Bem, poderíamos começar o presente texto anunciando
um novo método para não sentirmo-nos tão infelizes. Mas como, muito
provavelmente, um método desses nunca existirá, sinto-me aliviado por não
carregar a responsabilidade de escrever tal texto nem culpado por não
escrevê-lo. Falemos de sentimentos. Por mais batido e clichê que esse assunto
possa parecer, ele ainda rende muitas histórias, assim como rendeu e renderá
até o fim da nossa existência, primatas sentimentais.
Talvez alguém que se atreva a ler o início deste
texto pense: “Mas que besteira! Lá vai mais um falar de coisas que todo mundo
sente, coisas que todo mundo já sabe o que é, coisas que não têm importância!

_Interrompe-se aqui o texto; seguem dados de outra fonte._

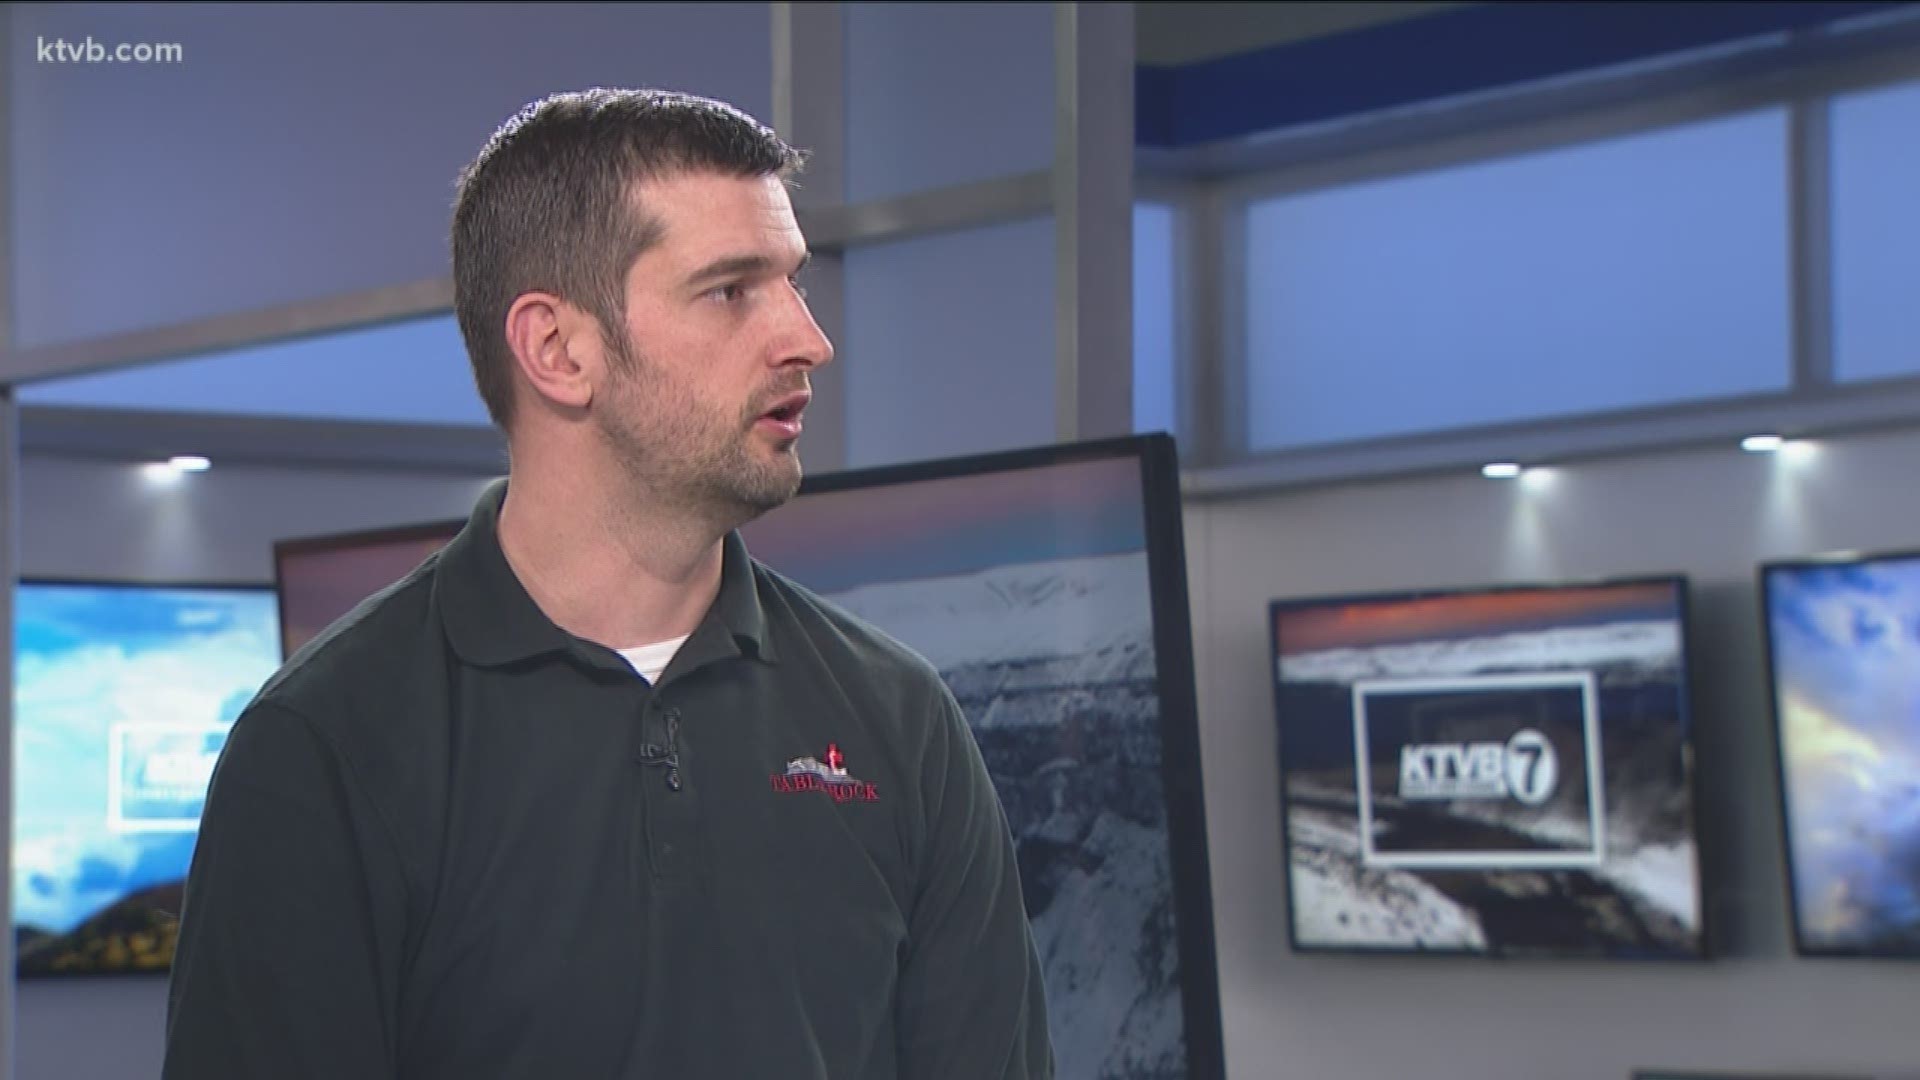 Brad Bigford of Table Rock Medicine said the most common symptoms are a dry cough, fever, and shortness of breath.

Mais um querendo ser o dono da verdade, mostrando como as pessoas agem, como se
ele não agisse de tal forma, porque se acha superior e inafetável por aquilo
que o próprio descreve!”.
Bom seria se esse tipo de gente existisse: alguém
totalmente inafetável pelas ações normais, alguém totalmente imparcial. Mas
como esse “alguém” não existe, sinto-me obrigado, hoje, a falar da fonte mais
segura de certos sentimentos que conheço [ou julgo conhecer, pelo menos]: Eu.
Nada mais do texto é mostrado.